Bird fauna of Gegham Mountain Range includes about 250 species, what makes up 70% of all Armenia's avifauna. Stony slopes are an irreplaceable habitat for birds of prey, such as:
- Golden eagle (Aquila chrysaetos)
- Egyptian vulture (Neophron percnopterus)
- Cinereous vulture (Aegypius monachus)
- Imperial eagle (Aquila heliaca)
- Griffon vulture (Gyps fulvus)
- Bearded vulture (Gypaetus barbatus)

On the snow-covered slopes, traces of brown bear (Ursus arctos) are often found.

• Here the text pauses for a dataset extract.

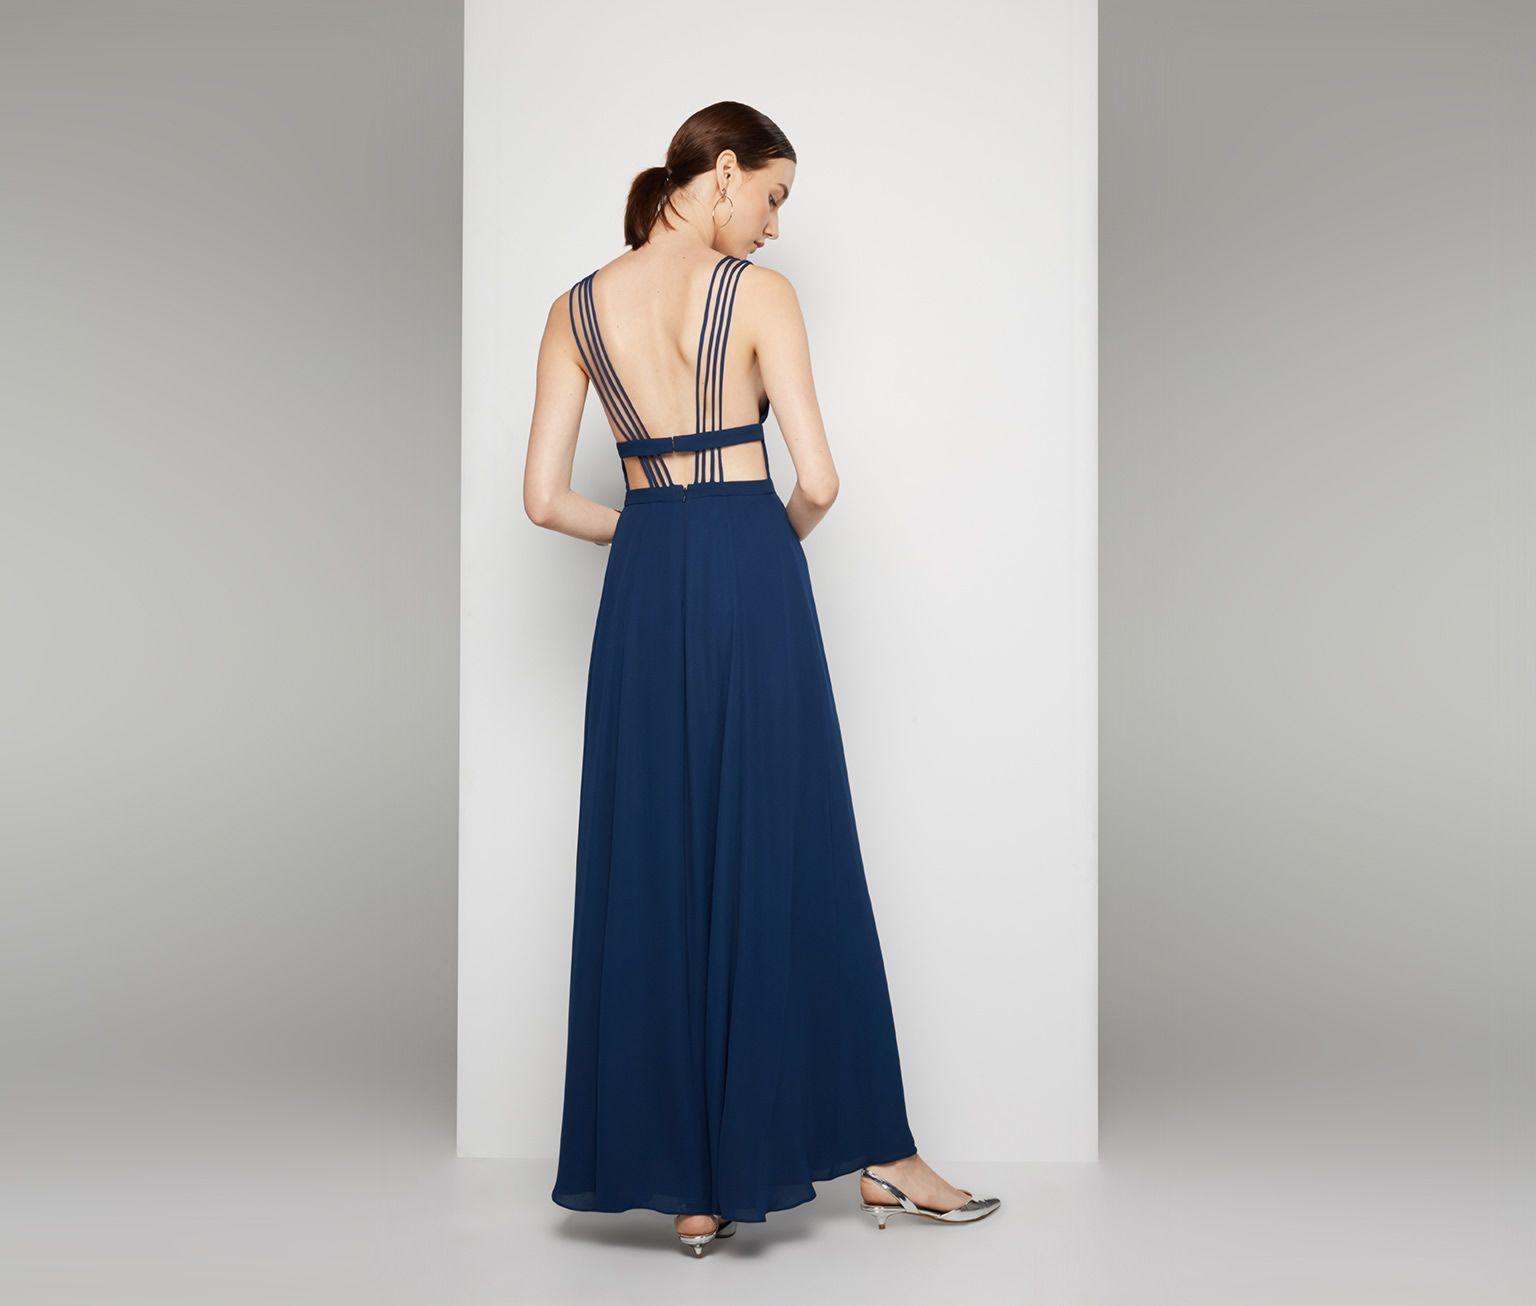 Bella vita in dresseshairbouquets pinterest dresses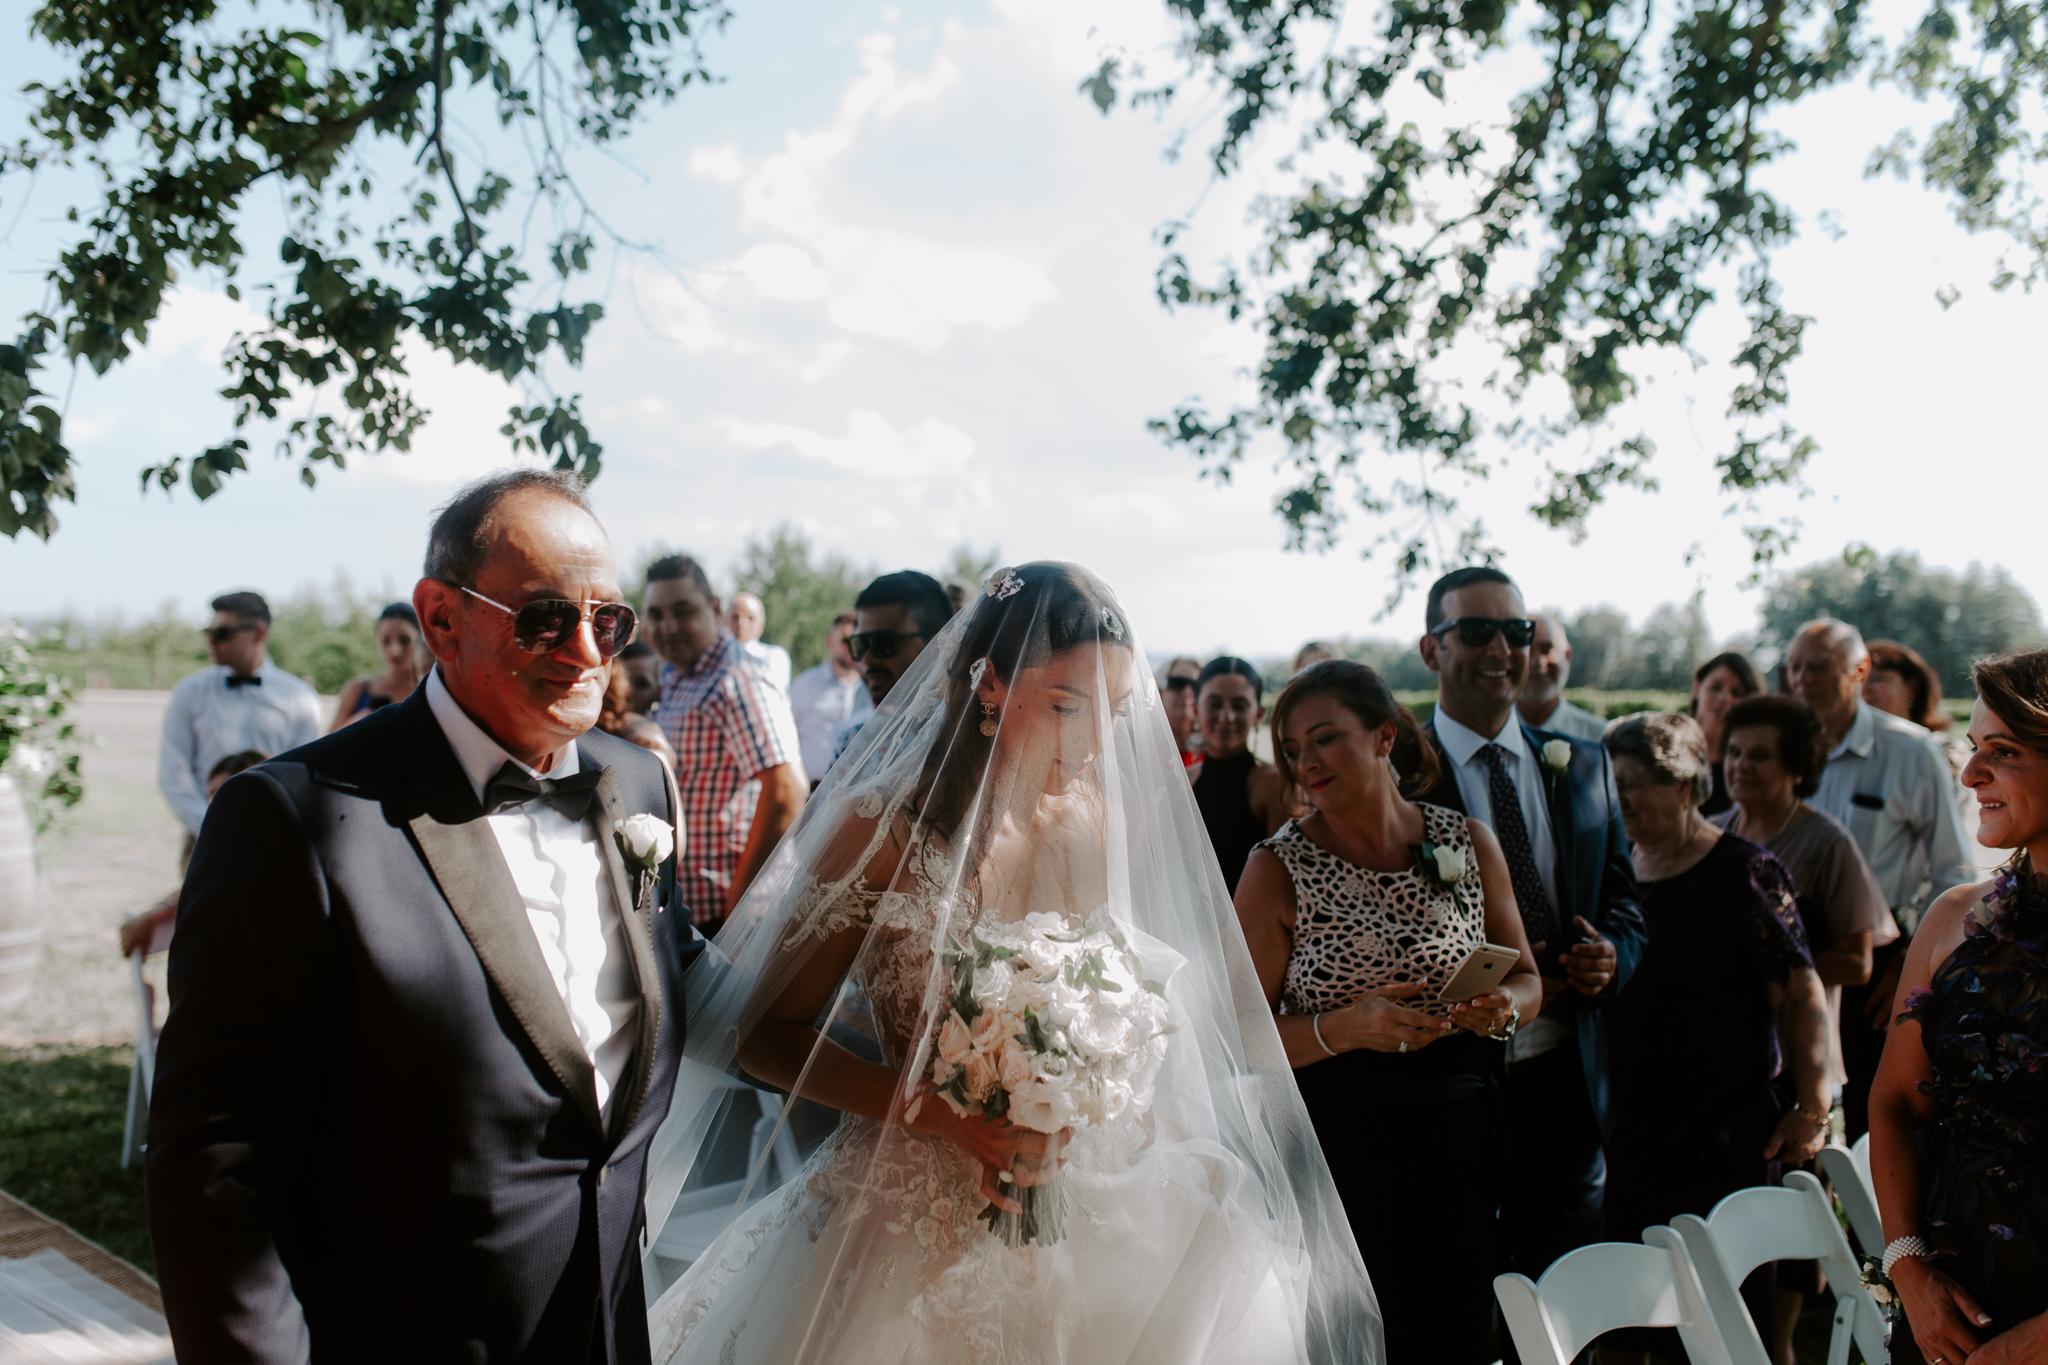 The-Stones-of-Yarra-Valley-Wedding-EmotionsandMathPhotography-114.jpg

The following plants are typically found in the Gegham Mountains area and surroundings of Azhdahak:
- Jurinea moschus
- Arabis caucasica
- Catsfoot diclinous (Antennaria dioica),
- Gentiana pontica
- Red everlasting (Helichrysum pallasii),
- Lady's-mantle (Alchemilla grossheimii),
- Alpine cinquefoil (Potentilla crantzi),
- Sibbaldia (Sibbaldia parviflora),
- Merendera Radde (Colchicum raddeanum),
- Oxytrope Lazica (Oxytropis lazica),
- Vavilovia Oshe (Lathyrus formosus)

==Rock carvings==
A great number of petroglyphs – carvings have been found in the surroundings of Azhdahak. Most images depict men in scenes of hunting and fighting, as well as astronomical bodies and phenomena: the Sun, the Moon, constellations, the stellar sky, lightning, etc.

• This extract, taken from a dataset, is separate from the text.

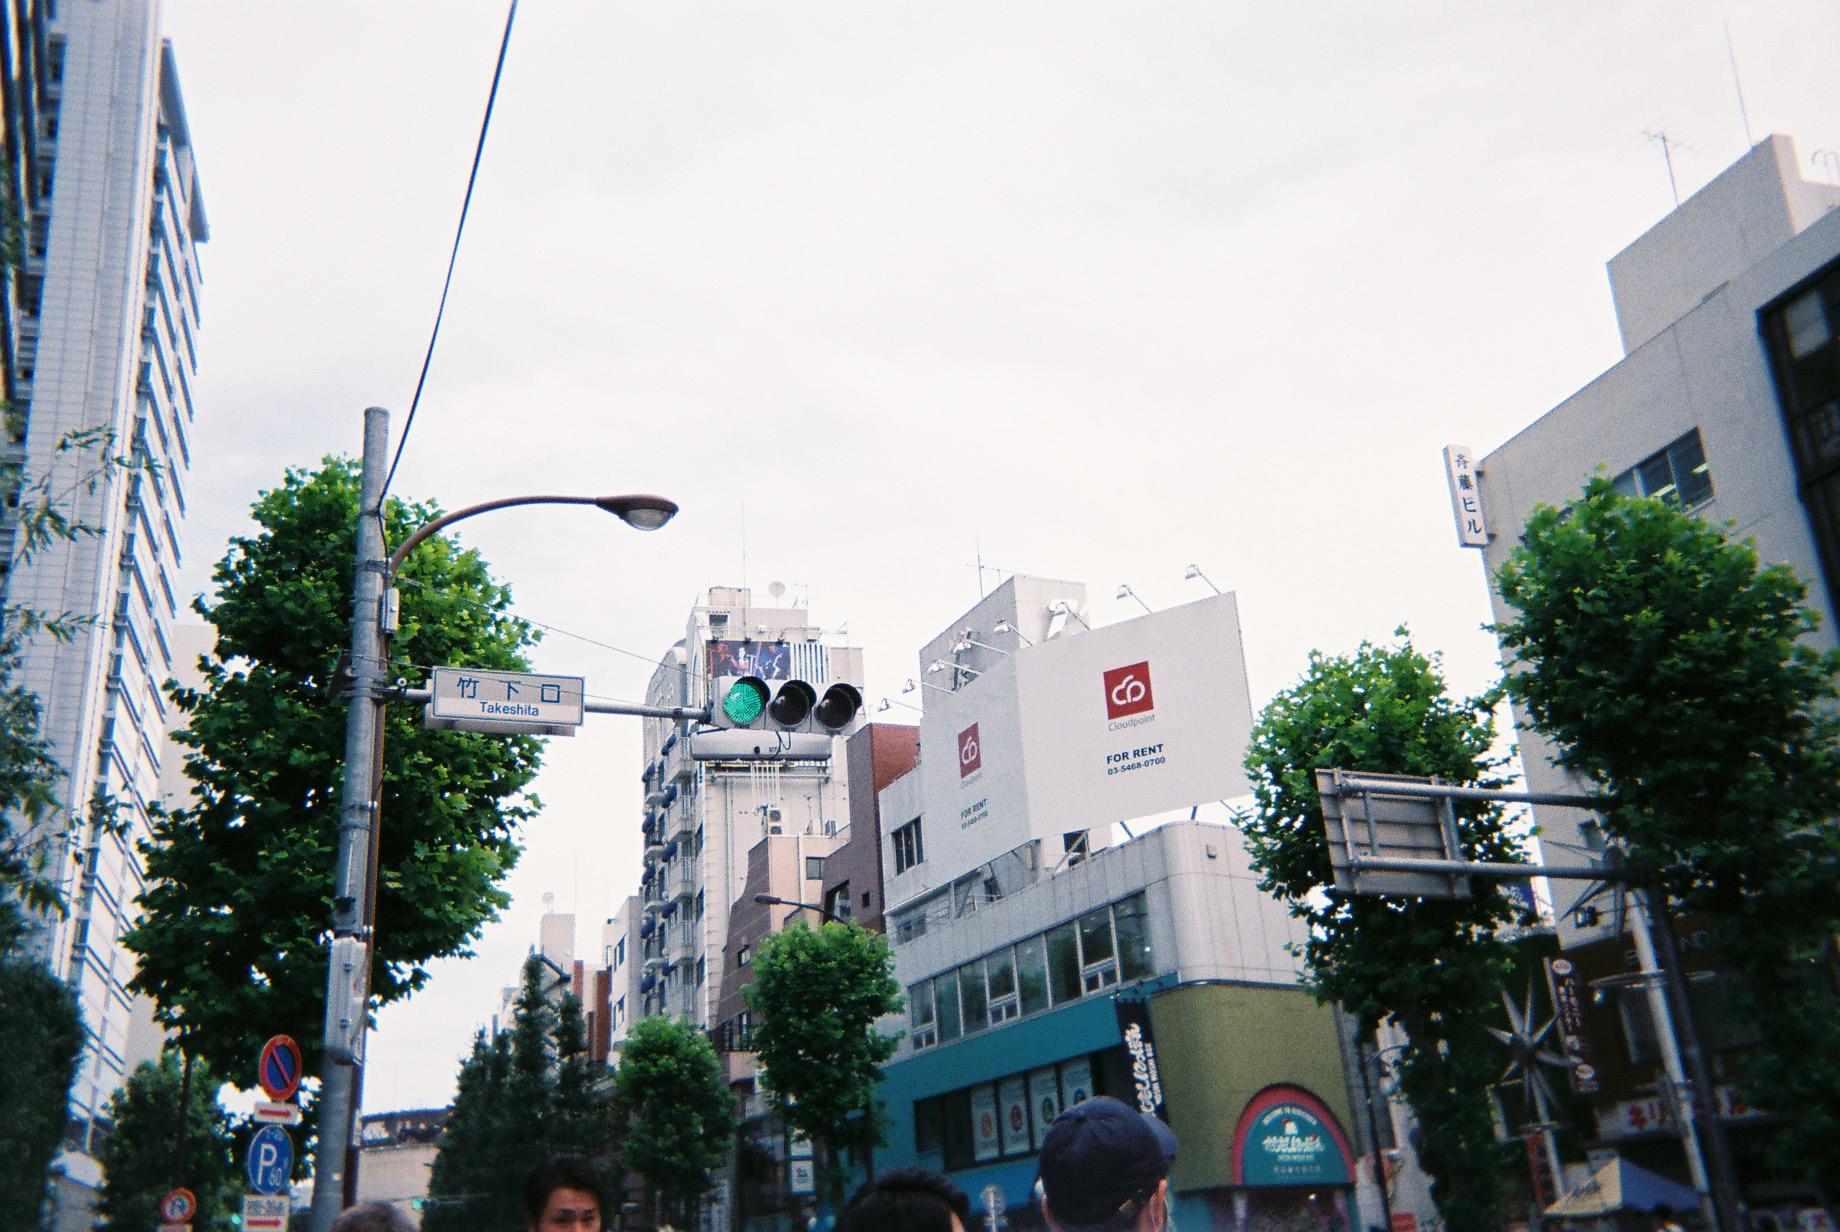 https://www.machikado-creative.jp/wordpress/wp-content/uploads/2017/09/FH010018.jpg

==Settlements near Azhdahak==
In Gegham mountains are engaged the cattle breeding people called Yazidi – one of national minorities of Armenia, who move to the mountains for the summer and live in tents with families and even with infants. The Yazidis are an ethno-confessional group, whose main identity is religion; Yazidism or Sharfadin. Nomadic stockbreeding is their major occupation. The Yazidi society is a caste system including three main components: the Shaykhs, the Pirs (clergy) and murids (laymen).

==Tourism and hiking==
The beauty of the Azhdahak surroundings have long attracted tourists. However, the probability of running across each other different hiking groups is insignificant. It depends on the remoteness from the civilization, orientation complexities, that aggravate with weather condition factors, such as: thunder and lightning, hail and snow, fog with visibility down to 2-3m.